Kylie was one of the early participants at the ranch, and I had the joy of meeting her as part of a girls’ Bible study and session group. The following season I worked one-on-one with her, and was able to truly get to know this blossoming young woman. Kylie and I weeded the garden, scooped poop, rode horses (turns out Kylie and Dakota make quite the hula hoop spinning circus act!), discovered that arugula is her favorite microgreen but mustard is too spicy, snuggled with the ranch rabbit, relaxed on the river, and all in all had a wonderful time in the haven that the Lord has provided in the ranch. As the summer progressed though, I felt a tug at my heart for Kylie that continued to persist, but though I felt there was a particular reason for this tug, I could not think what it was. Then it hit me. I could not think what it was, because that was dependent on me, and what I should have started with right from the first tug was to pray about it, for goodness knows the Lord is the one who gave the tug in the first place. Okay, Lord, what do you want to show me? How can I speak Your truth into this dear one? Kylie is sweet, curious, tender, funny, and also strongly timid and uncertain. At 13 years old she was a good head taller than I (not terribly difficult, but still) and held herself in a condensed manner, as if trying to keep herself from being too conspicuous. In all her sweet curiosity she prefaced nearly every statement or question with “I’m sorry”, “this may be stupid but”, or the like. “Oh” was the only dumbfounded thought in my head as I connected the tug my heart had been feeling with these and other observations. For not only had the Lord opened my eyes to Kylie’s insecurities, He had shown me a mirror of my younger self in so many ways.

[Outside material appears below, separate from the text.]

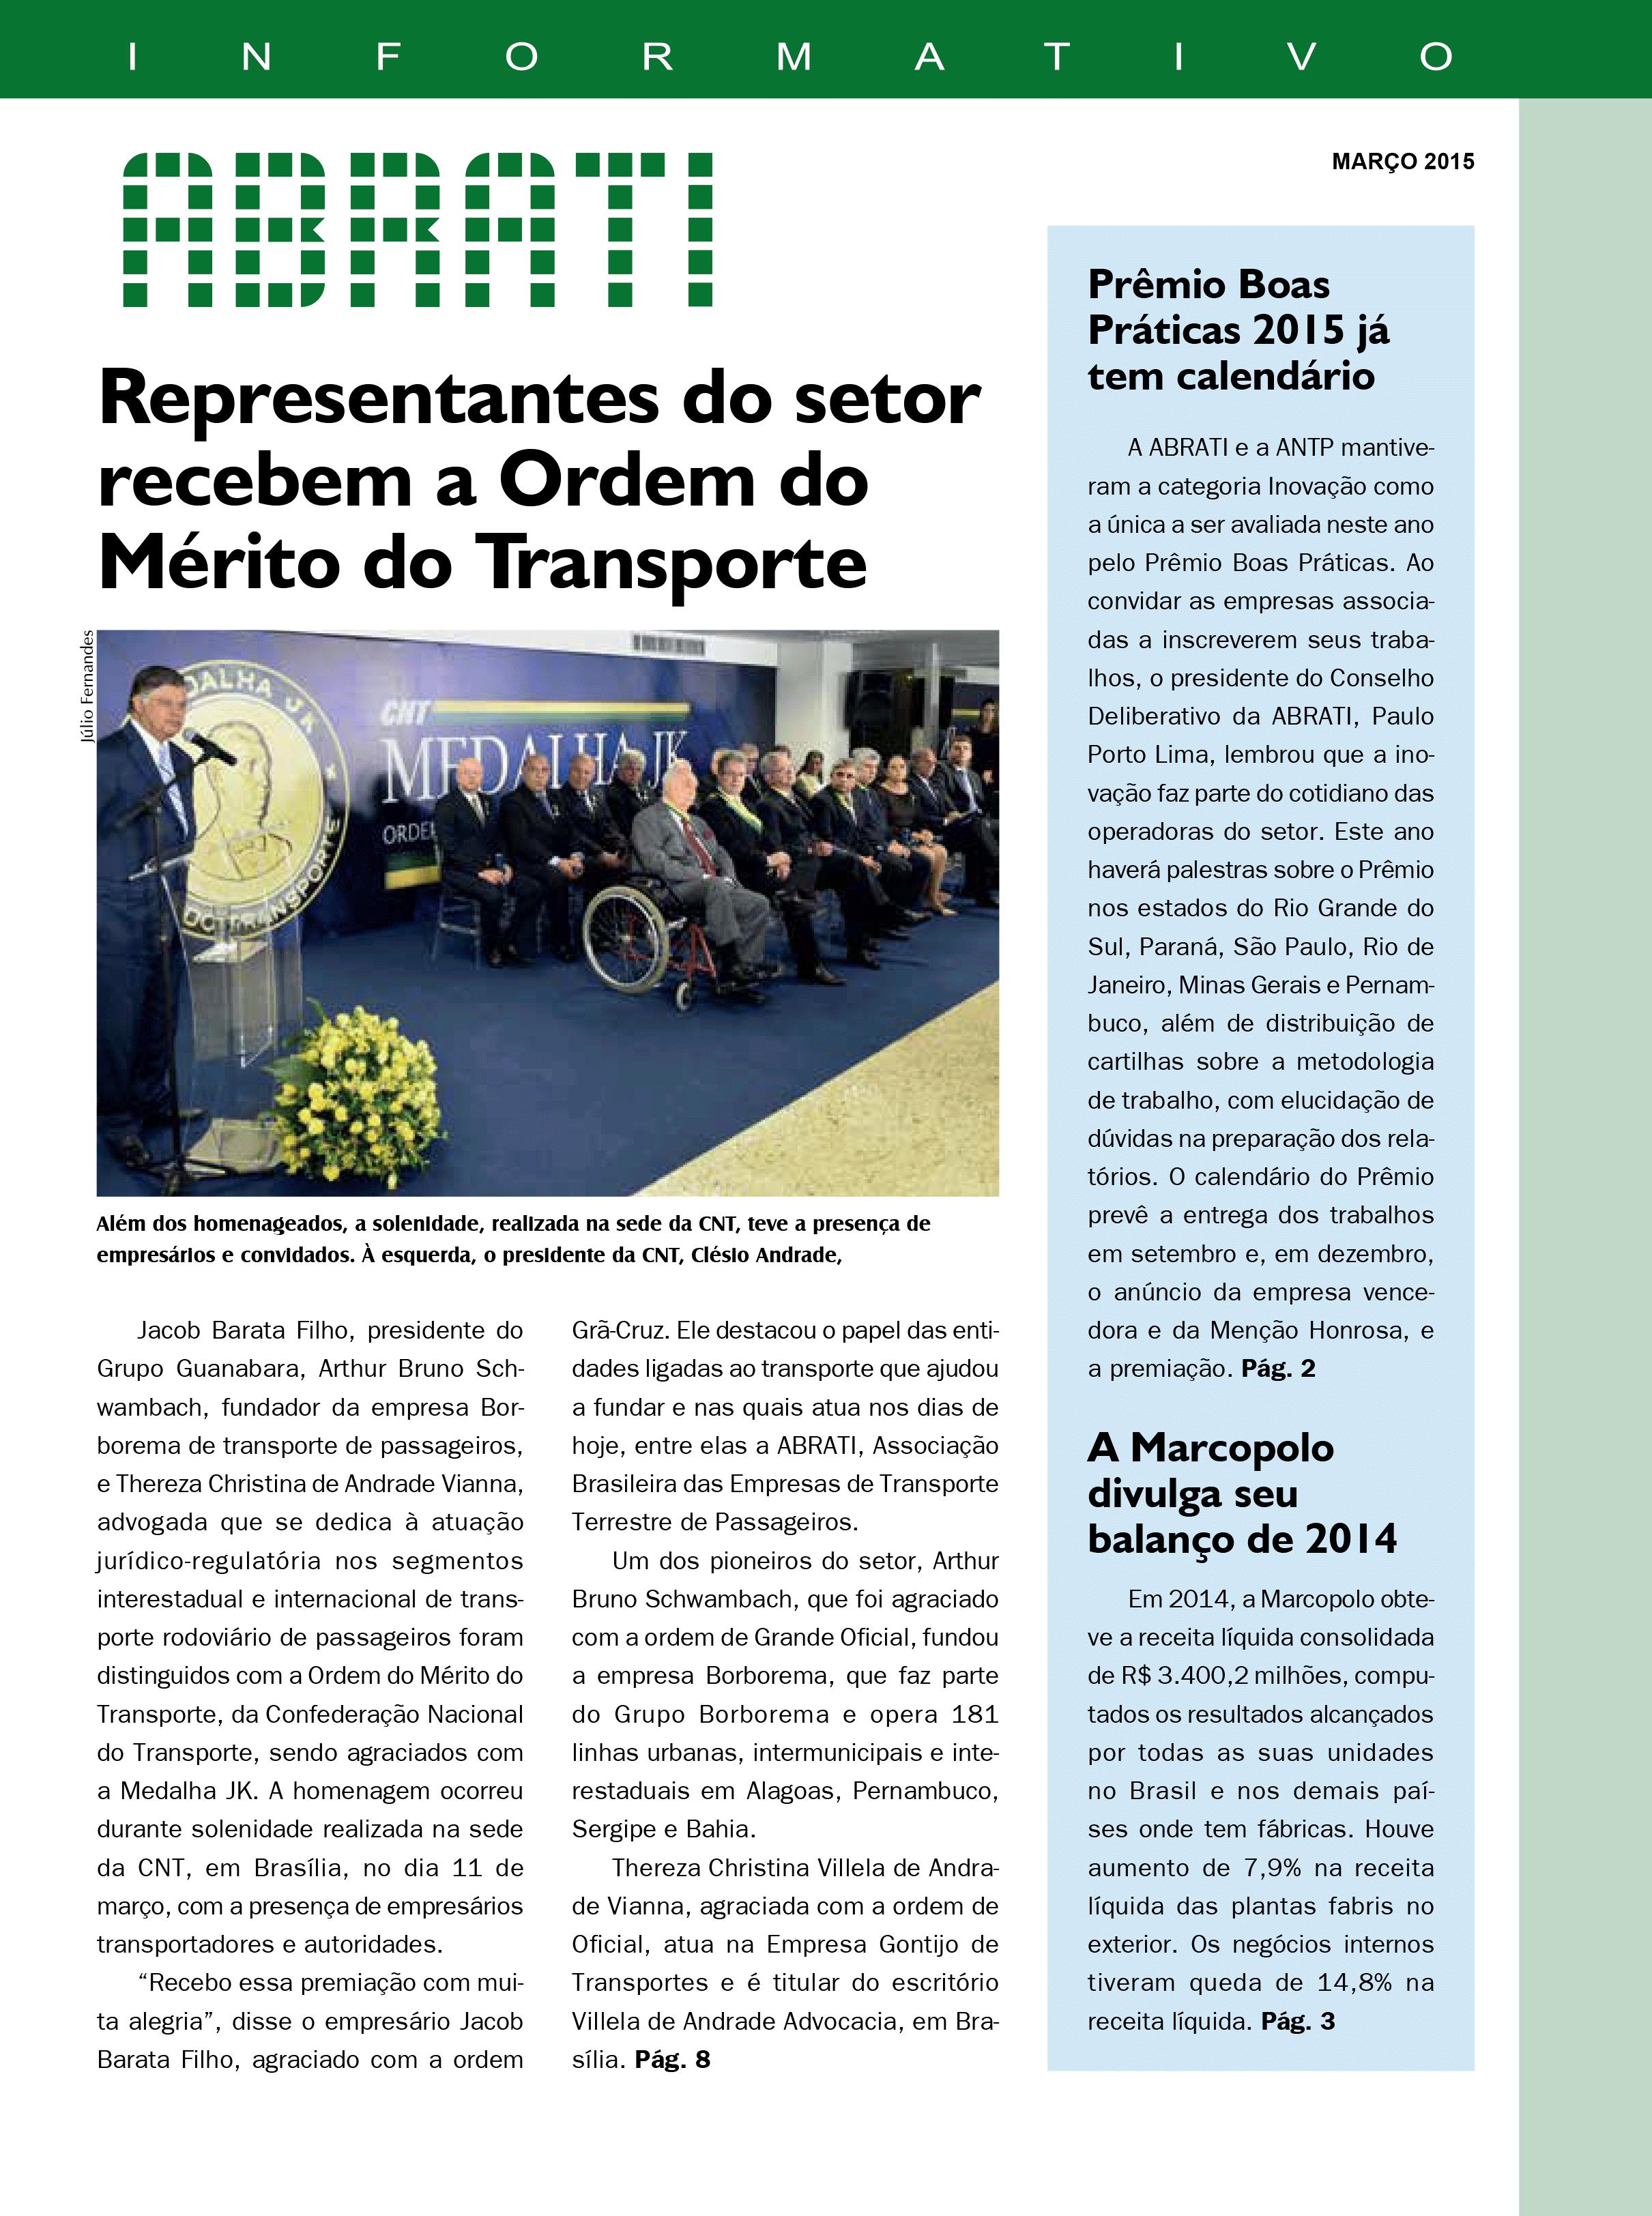 Informativo Março 2015

Children and families who come to the ranch come from all walks of life; we have no qualifications for eligibility. And while some come from varying degrees of brokenness and heartache, some, like Kylie, come from sound families who love the Lord and lead their children through that love. But the world is hard, and the world is loud. Even in a home full of love and protection, wounding happens. However, wounding is never the final chapter, for we are loved by a Great Physician and He heals the brokenhearted. Before I knew what the words would be, my mouth was open and I was. . . truly, for lack of a better word, calling Kylie out on her self deprecating words and posture. I could have swallowed my own tongue! Thankfully though, the words continued and to this day I’m not totally sure what I said to Kylie, but I know the words were not of me, but of a Father who weeps for her and of my preteen heart that longed to be told by someone outside of my immediate family that the words I then stumbled over and held back were worth hearing. I do remember that Kylie maintained eye contact with me the whole conversation, the longest she ever had, and then agreed with my challenge to refrain from her negative self talk, at least while at the ranch.

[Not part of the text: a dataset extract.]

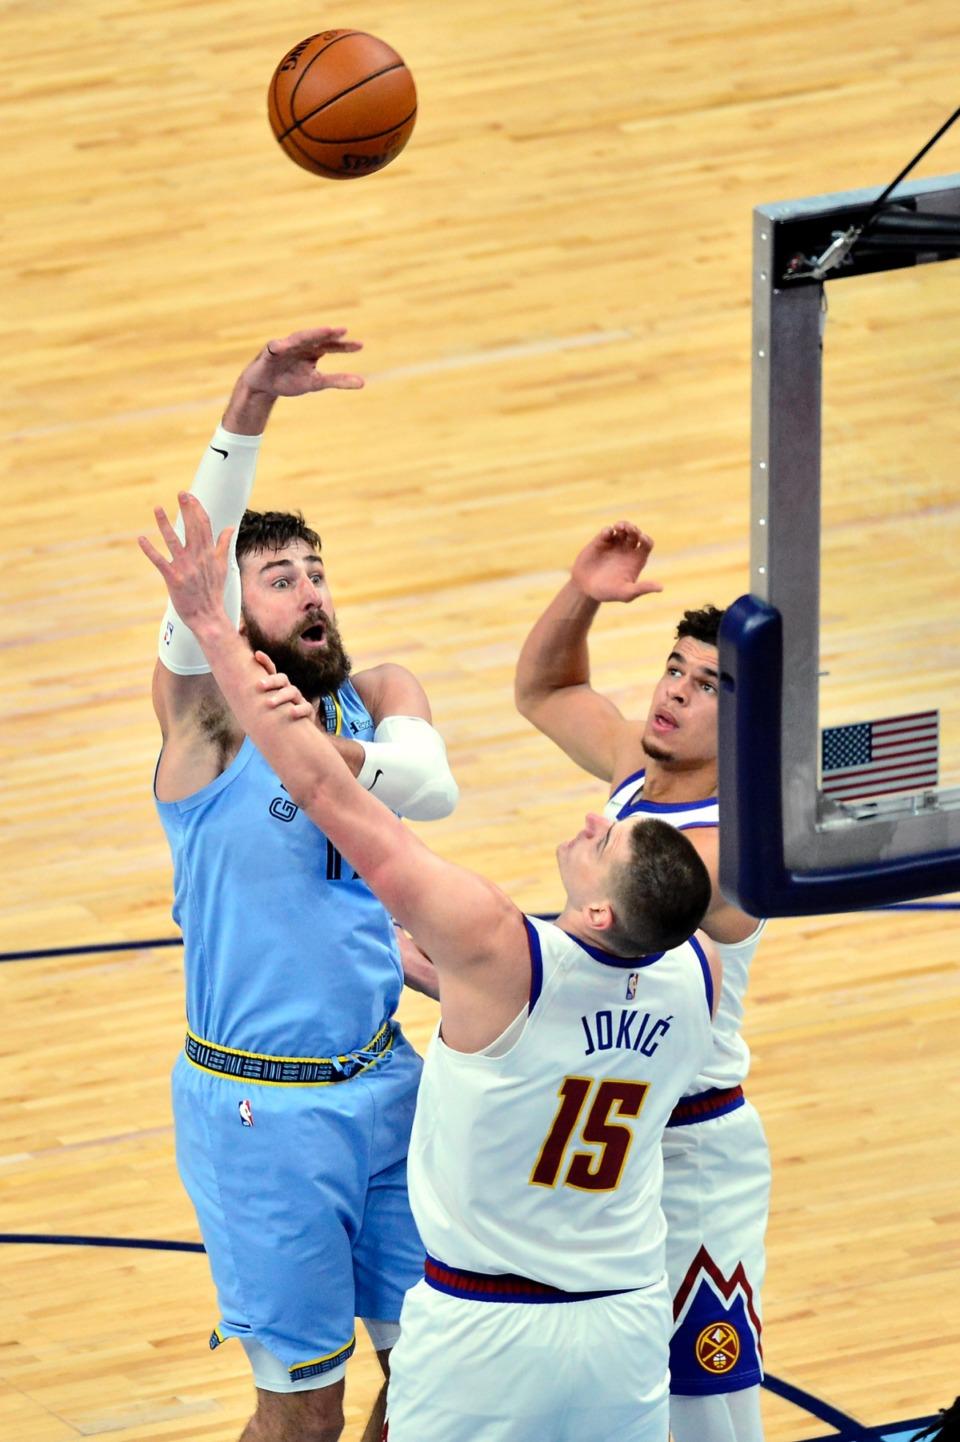 <strong>Memphis Grizzlies center Jonas Valanciunas (17) shoots against Denver Nuggets center Nikola Jokic (15) and forward Michael Porter Jr.&nbsp;on March 12 at FedExForum.</strong> (Brandon Dill/AP)

Over the following sessions, Kylie’s speech was sometimes just as halting as before, but now it was because she would stop herself, give me a rueful little grin, and then continue on, her shoulders straightening a little. Never once did I remind her; she always caught herself. one day I handed her a halter and asked her to get a horse on her own, the expression she gave me would make you think I’d asked her to walk from Grand Forks to Crookston barefoot in January. I gave her a smile and a nudge though, and she set off with a deep breath and squared shoulders, completing the task without a hitch. My face began to hurt I was smiling so hard at her. The beauty of her confidence as she lead Dakota back to me could have melted the polar caps. She followed this momentous and deceptively simple action with “now what?”, excitement taking the place of her far more standard trepidation. “ANYTHING”, I wanted to shout for all to hear. Anything is next, because Kylie, you are pure gold and the Lord can do incredible things through you!